An internal draft report that was forced to be released by a lawsuit last week, shows that Betsy DeVos’s own staff at the Department of Education condemned the Accrediting Council for Independent Colleges and Schools (ACICS) for once again failing to meet federal standards required for accreditation–with 57 of 93 standard criteria failing. The report goes on to recommend ACICS’s status as an accreditor be terminated. According to The Chronicle of Higher Education’s Eric Kelderman, “For the second time in less than two years, officials at the U.S. Department of Education have recommended against approving a controversial accrediting agency that primarily oversees for-profit colleges.”
However, in April Secretary DeVos signed an official order reviving recognition of the disputed accrediting body. According an article by Erica Green in the The New York Times, “Education Secretary Betsy Devos disregarded a scathing review by her own staff this spring when she reinstated the watchdog body that had accredited two scandal-scarred for-profit universities whose bankruptcies left tens of thousands of students with worthless degrees and mountains of debt, a new report has revealed.”
Historically a for-profit accreditor, ACICS has fought for its accreditation reinstatement since the Obama administration eliminated its recognition in 2016 after reporting that the accreditor had failed to meet 21 of the 60 necessary criteria—citing “pervasive compliance problems” with schools which attained accreditation under the council. According to previous education secretary John King, ACICS “routinely failed to adequately police schools under its oversight,” including ITT Tech, The Corinthian Colleges, and other for-profit institutions.
DeVos’s order this spring to temporarily recognize ACICS came on the heels of a federal district judge’s ruling that previous secretary, John King, failed to consider key evidence and used a flawed process in removing ACICS accreditation.
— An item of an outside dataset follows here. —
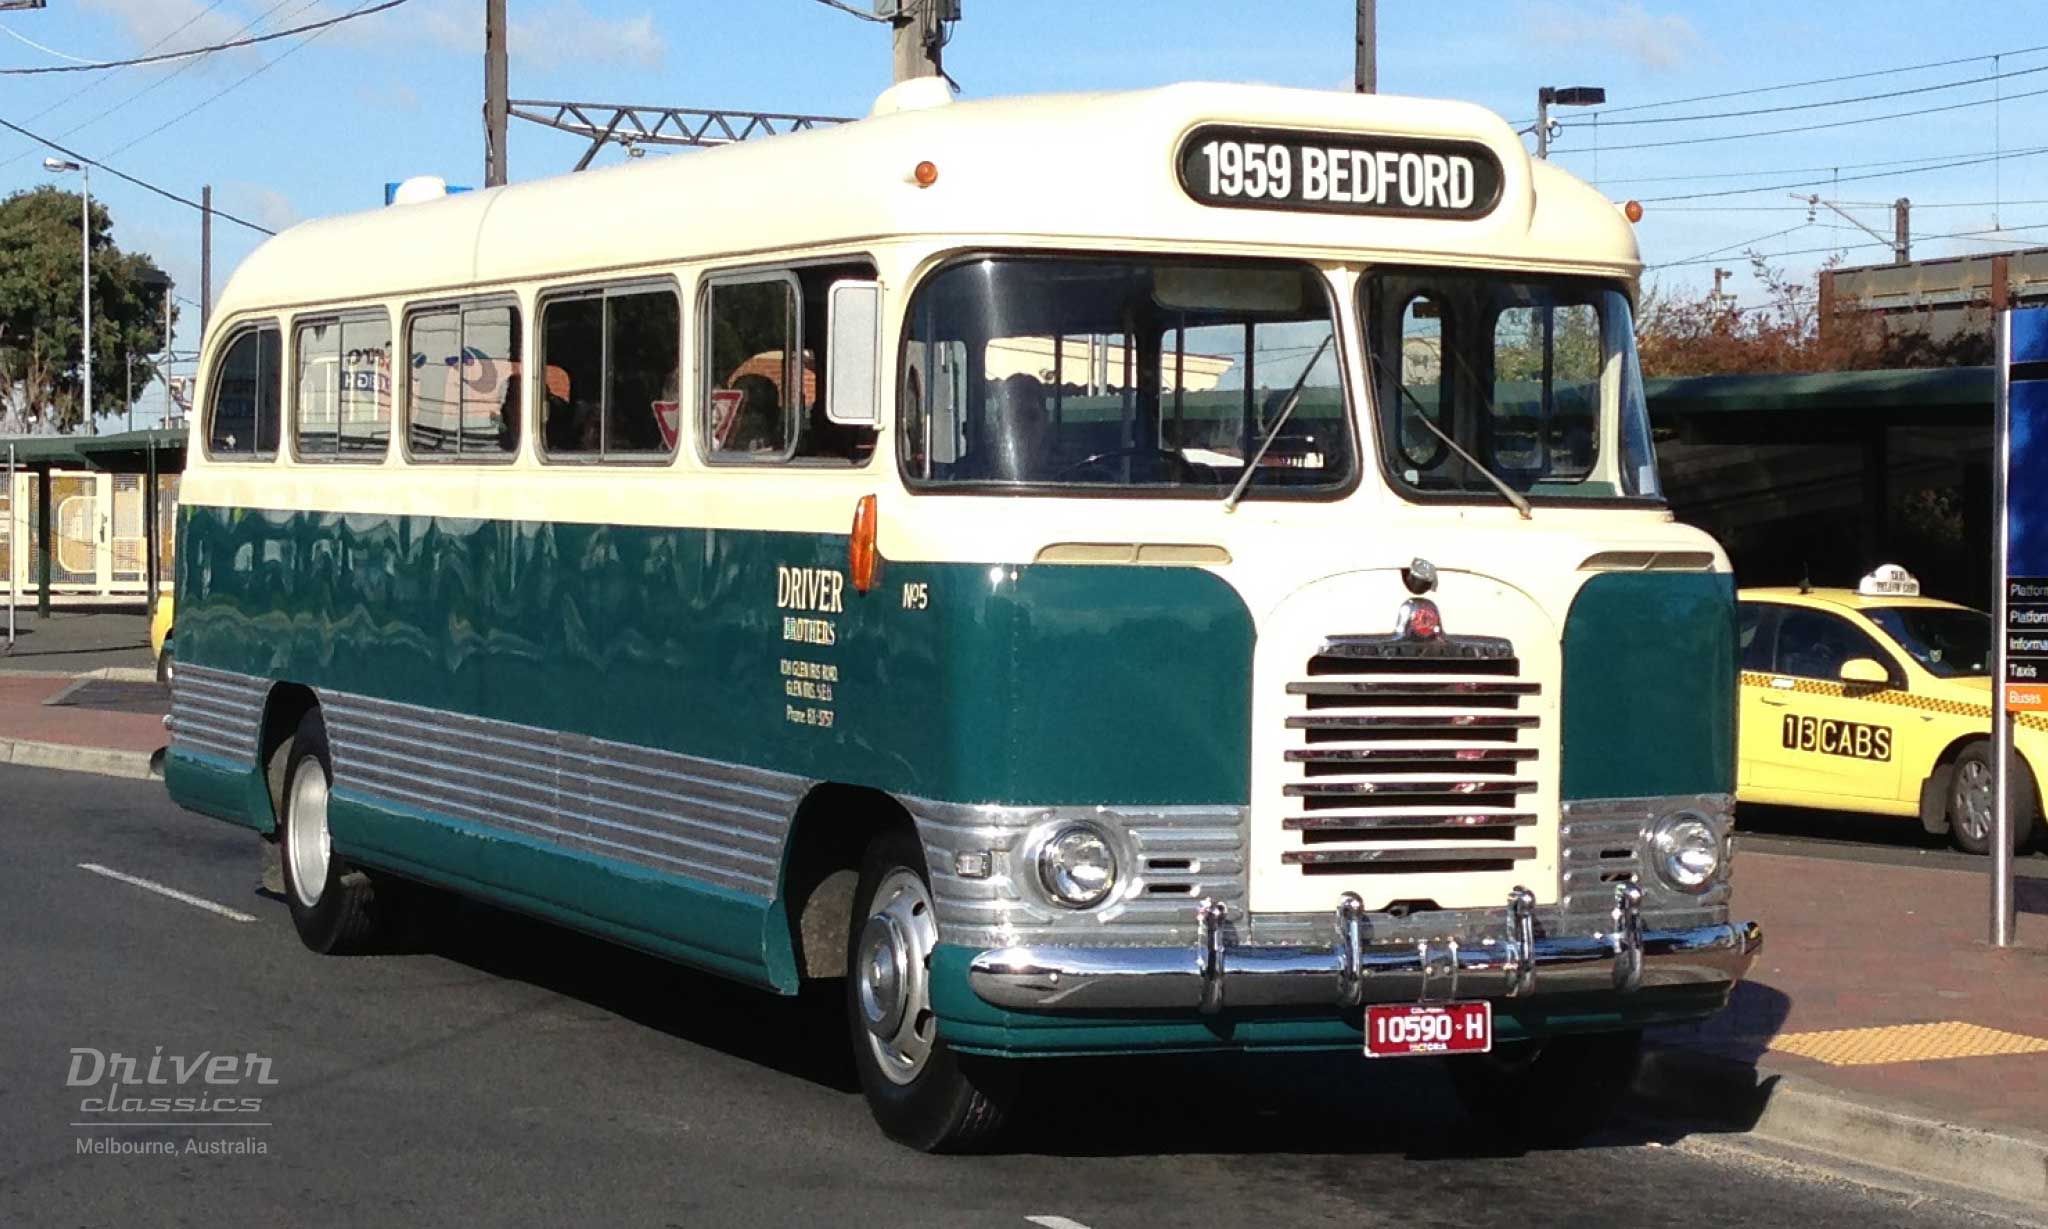 1959 Bedford SB3 bus, June 2013

However, according to Alex Elson of the National Student Legal Defense Network, which sued to release the report, “Clearly she was well aware that ACICS was getting worse, not better, and has been working to help them anyway.” The report noted that ACICS had failed to demonstrate its evaluation of school compliance with federal student loan aid laws as well as documentation that they failed to implement graduate rate standards for schools, reforms that were promised this year.
A statement from the Education Department’s Frank Brogan called the report “an incomplete, pre-decisional document that may include errors of fact or omissions on the part of staff analysts.” While temporary, with restored recognition more than 100 colleges under ACICS will again be eligible to receive federal student aid. The department’s announcement does not entirely reverse the Obama era ban but allows ACICS continued recognition for an additional 6 months while the department “conducts a further review of ACICS’s 2016 petition for recognition.”